CrossValidator_32ba8da08f78


## Best Model and Best Model Parameters
Now that we have our cross validator, cv, built out, we can tell Spark to take our data, fit the ALS algorithm to it, and try the different combinations of hyperparameter values from our param_grid so that it can identify what values provide the smallest RMSE. Unfortunately, this takes too long to complete here, but for your reference, this is how it is done:

```python
#Fit cross validator to the 'train' dataset
model = cv.fit(train)

#Extract best model from the cv model above
best_model = model.bestModel
```
This code has been run separately, and the best_model has been identified and saved for you to use. Use the commands given to extract the parameters of the model.

In [None]:
#Fit cross validator to the 'train' dataset
model = cv.fit(train)

#Extract best model from the cv model above
best_model = model.bestModel

# Print best_model
print(type(best_model))

# Complete the code below to extract the ALS model parameters
print("**Best Model**")

# Print "Rank"
print("  Rank:", best_model.getRank())

# Print "MaxIter"
print("  MaxIter:", best_model.getMaxIter())

# Print "RegParam"
print("  RegParam:", best_model.getRegParam())
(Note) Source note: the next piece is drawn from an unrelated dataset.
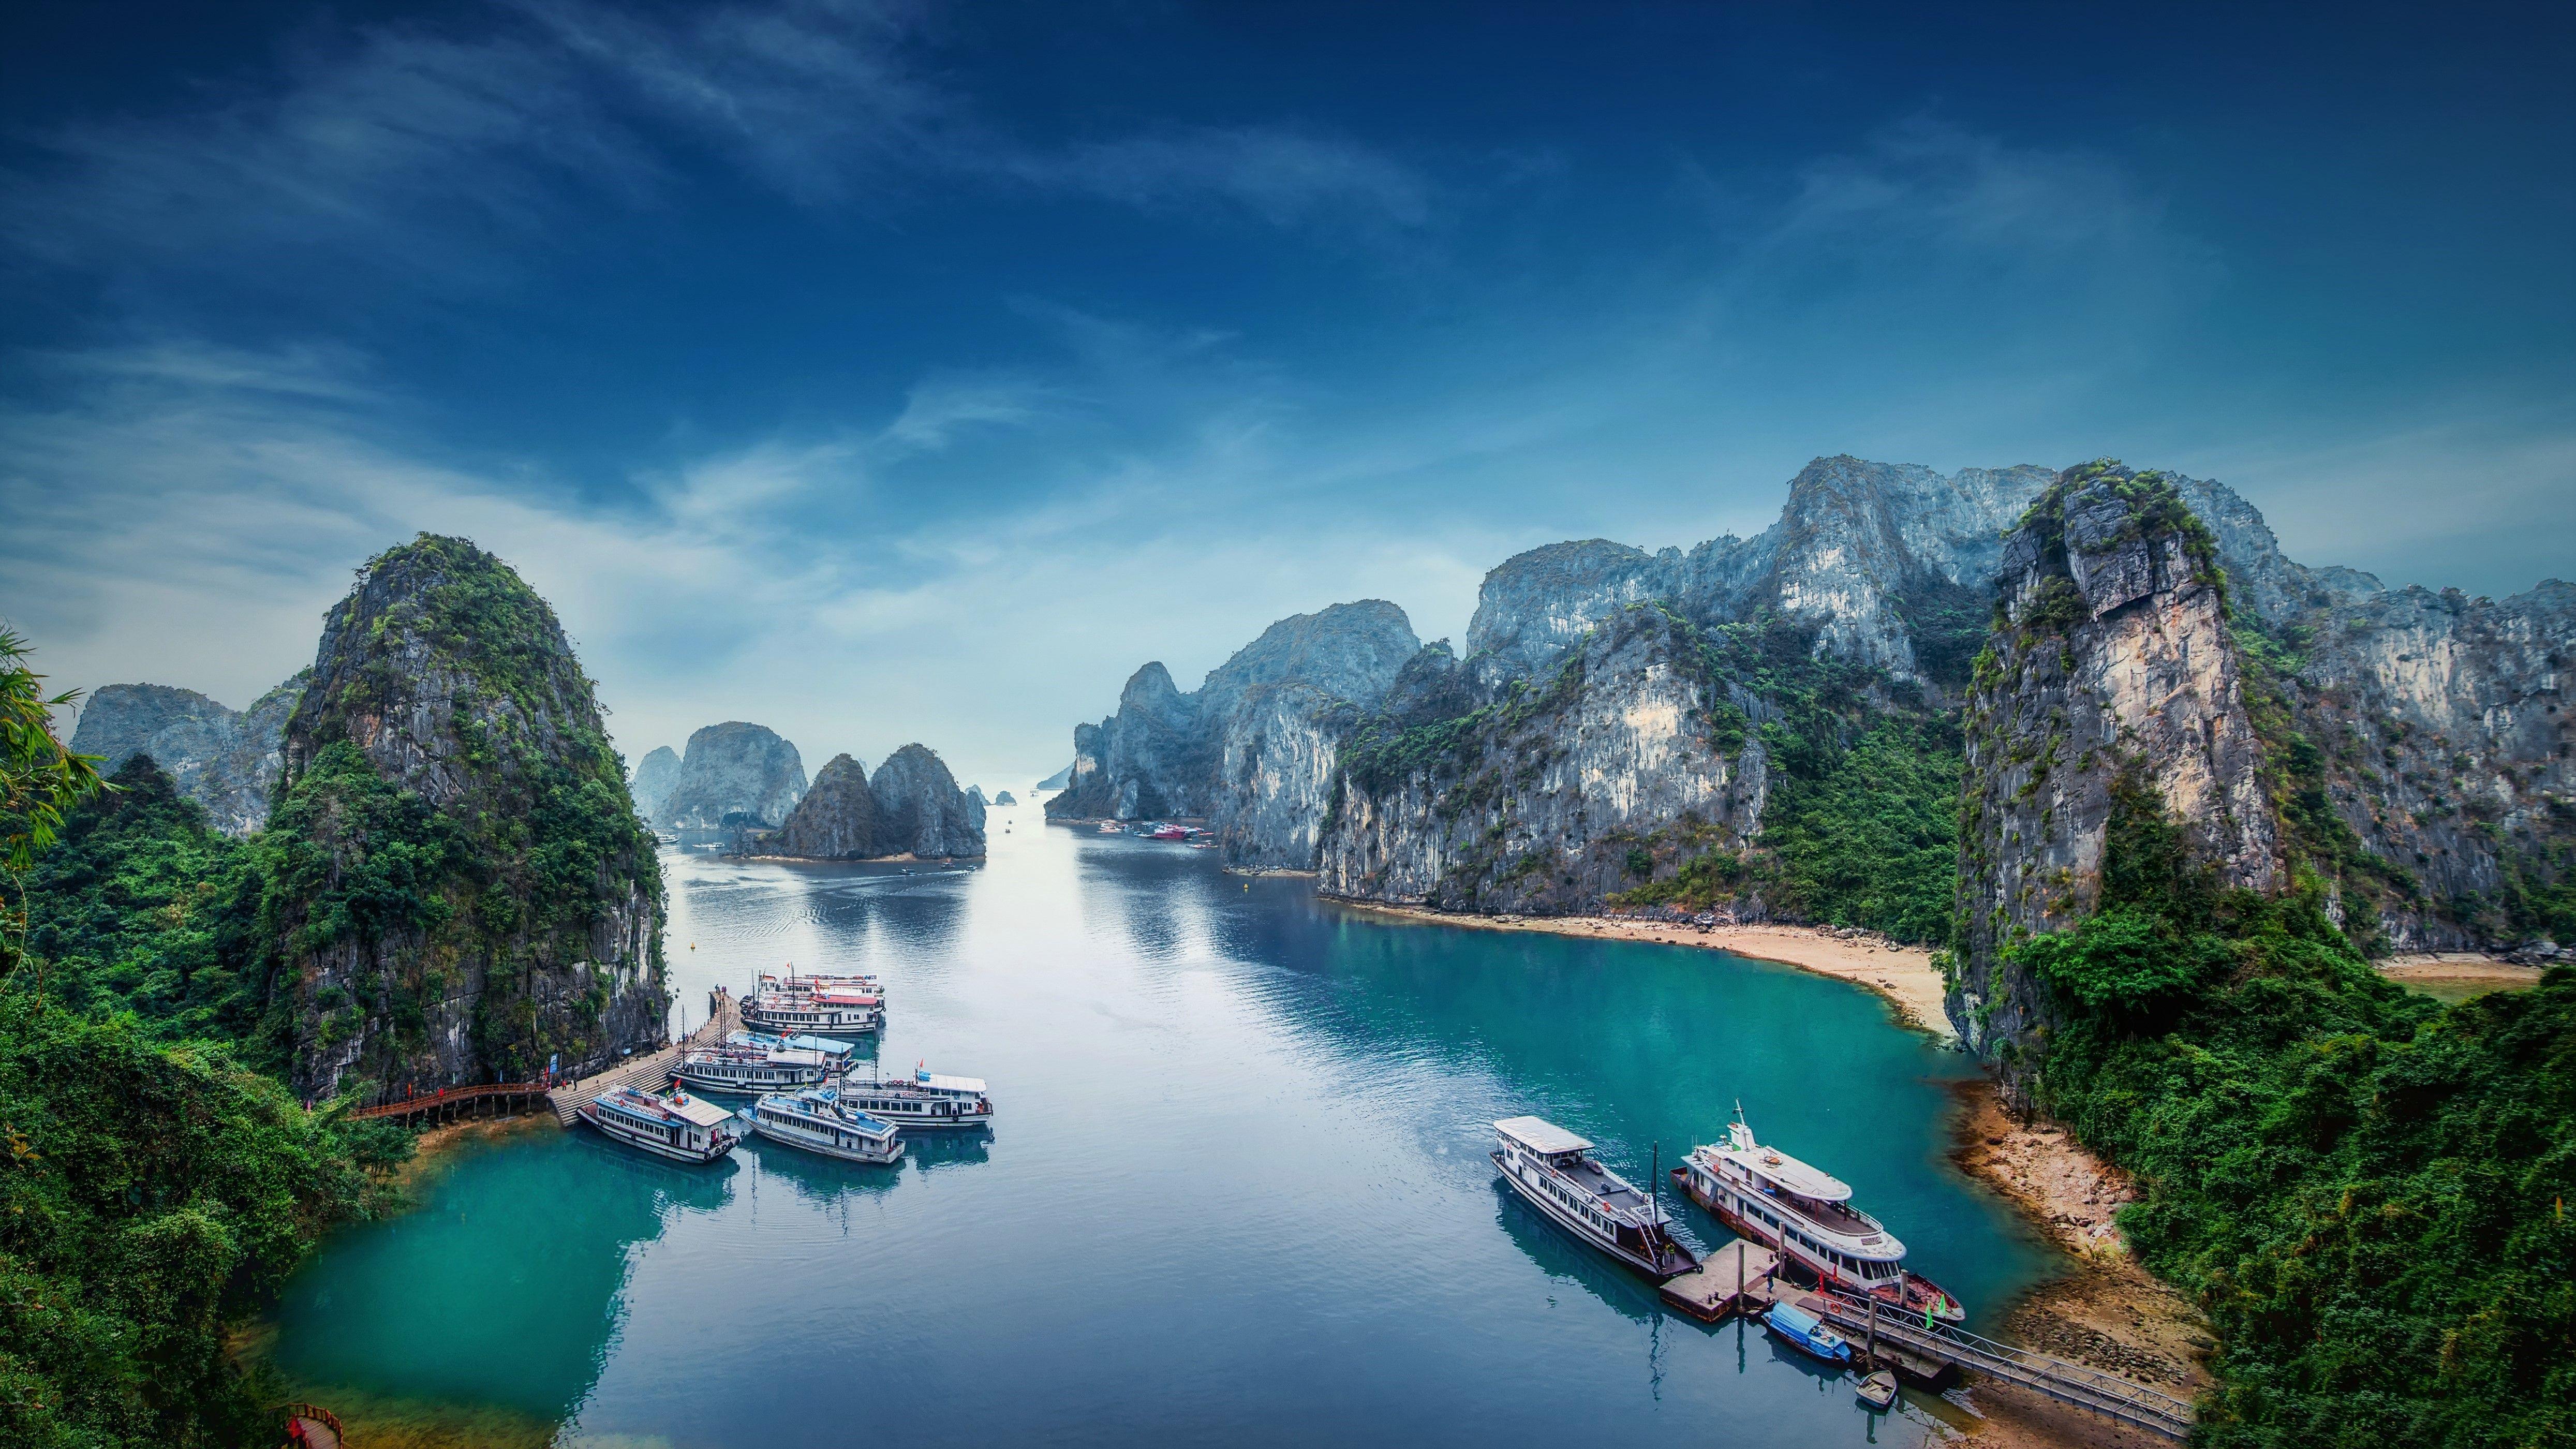 Hình ảnh Việt Nam 4K chính là bức tranh tuyệt đẹp, cảm nhận hết được sự tuyệt vời và tinh tế mà đất nước Việt Nam mang lại. Tựa như một dịch vụ tour du lịch đắt khách, những góc quay đặc biệt, những cảnh quay đẹp ngỡ ngàng, chắc chắn sẽ làm hài lòng mọi đối tượng khó tính.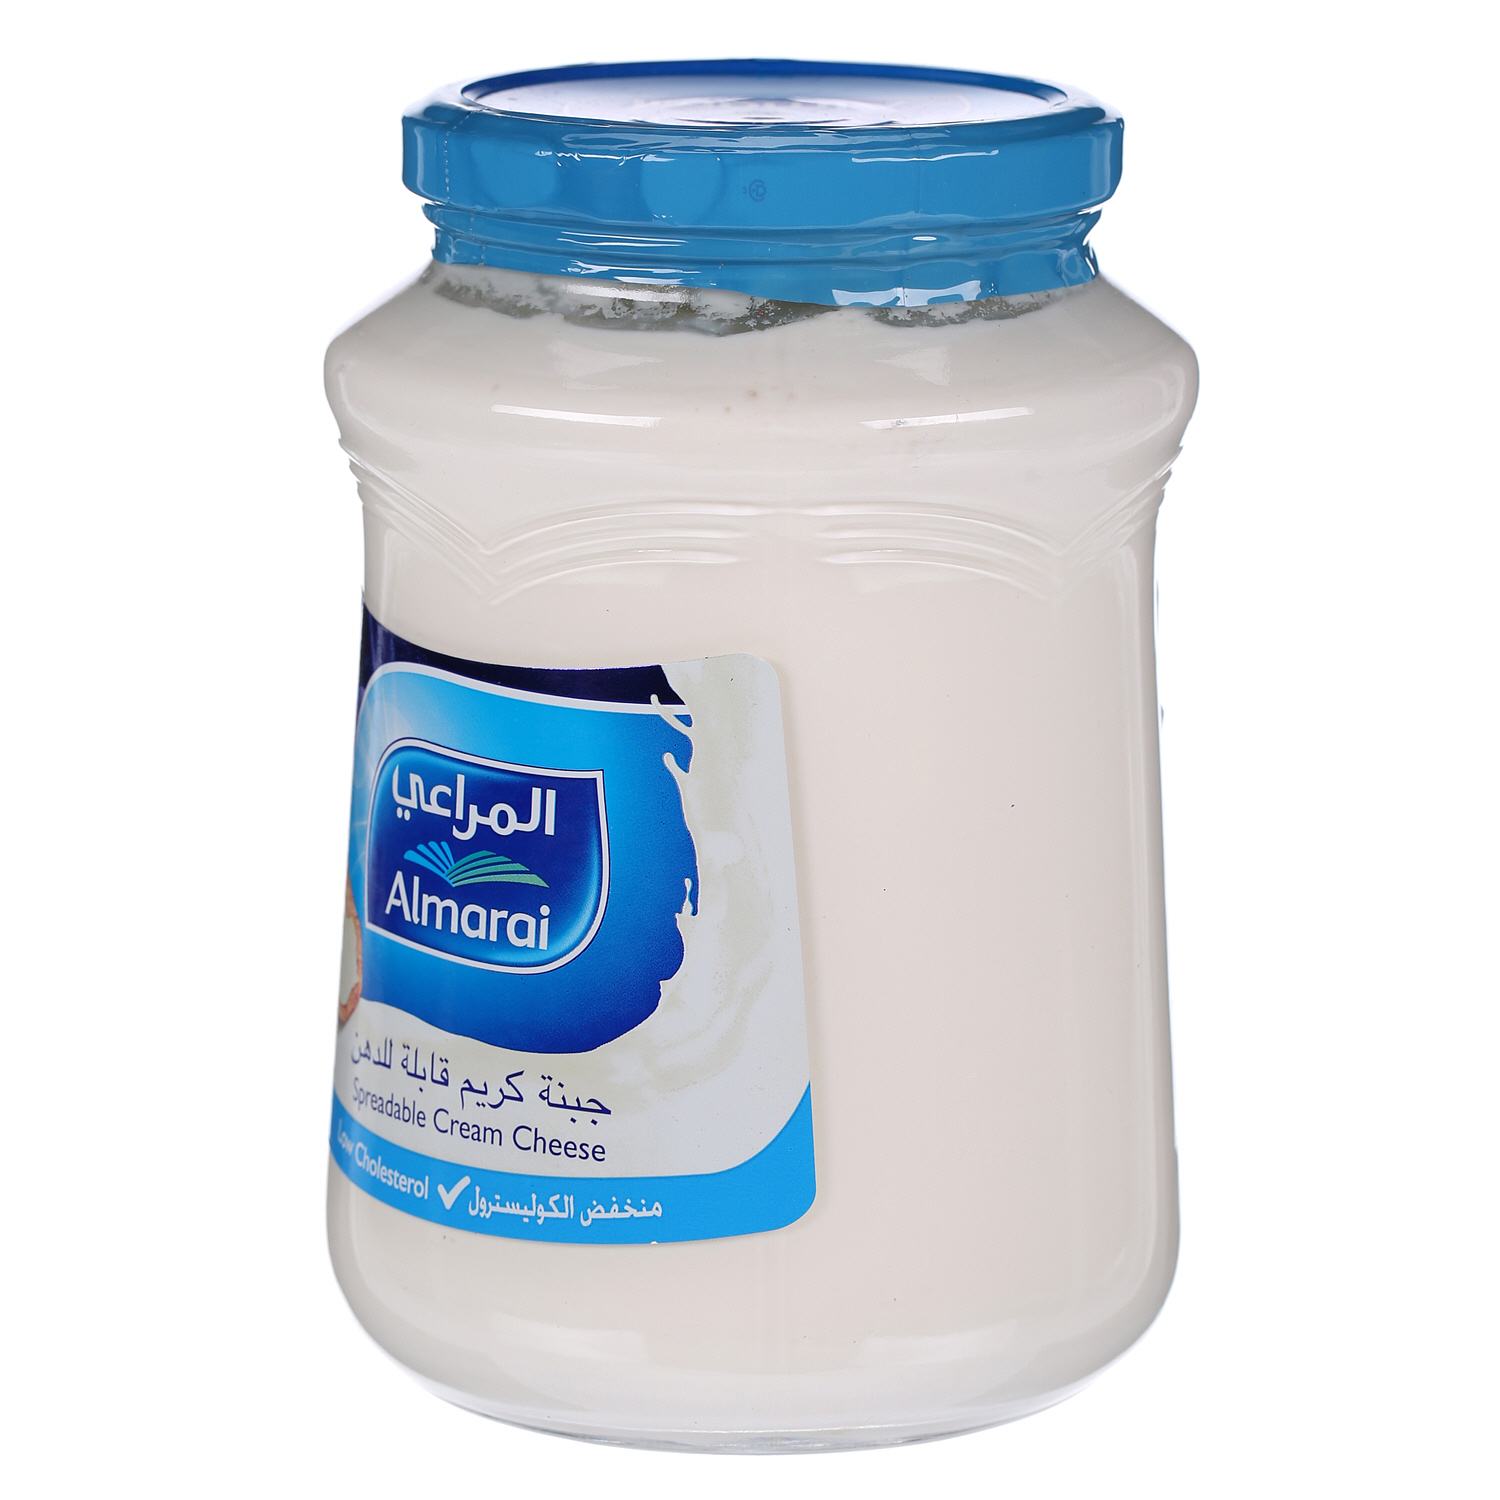 Al Marai Lower Cholesterol Jar Cheese 910 g

Excellent work! If you'll notice, the best hyperparameter values were all in the middle of the ranges we provided. If they were on the low or high end, we would simply adjust our ranges accordingly. Given that they were in the middle, we could tune even further by narrowing our range to get even more precise hyperparameter values.

## Generate predictions and calculate RMSE
Now that we have a model that is trained on our data and tuned through cross validation, we can see how it performs on the test dataframe. To do this, we'll calculate the RMSE.

As a side note, the generation of test predictions takes more than a few minutes with this dataset. For this reason, the test predictions have been generated already and are provided here as a dataframe called test_predictions. For your reference, they are generated using this code: 

```python
test_predictions = best_model.transform(test).
```

In [None]:
# View the predictions 
test_predictions.show(5)

# Calculate the RMSE of test_predictions
RMSE = evaluator.evaluate(test_predictions)
print(RMSE)

Excellent. Remember that the RMSE is a rather subjective metric. Would you say that the RMSE in this case is sufficient to make meaningful recommendations? 

Interpretation: An RMSE of 0.633 means that on average the model predicts 0.633 above or below values of the original ratings matrix.

## Do Recommendations Make Sense
Now that we have an understanding of how well our model performed, and have some confidence that it will provide recommendations that are relevant to users, let's actually look at recommendations made to a user and see if they make sense.

The original ratings data is provided here as original_ratings. Take a look at user 60 and user 63's original ratings, and compare them to what ALS recommended for them. In your opinion, are the recommendations consistent with their original preferences?

In [None]:
# Look at user 60's ratings
print("User 60's Ratings:")
original_ratings.filter(col("userId") == 60).sort("rating", ascending = False).show()

# Look at the movies recommended to user 60
print("User 60s Recommendations:")
recommendations.filter(col("userId") == 60).show(5)

# Look at user 63's ratings
print("User 63's Ratings:")
original_ratings.filter(col("userId") == 63).sort("rating", ascending = False).show(5)

# Look at the movies recommended to user 63
print("User 63's Recommendations:")
recommendations.filter(col("userId") == 63).show(5)

Great work. Does it look like the model picked up on user 60's preference for drama, crime, and comedy or user 63's preference for action, adventure, and drama?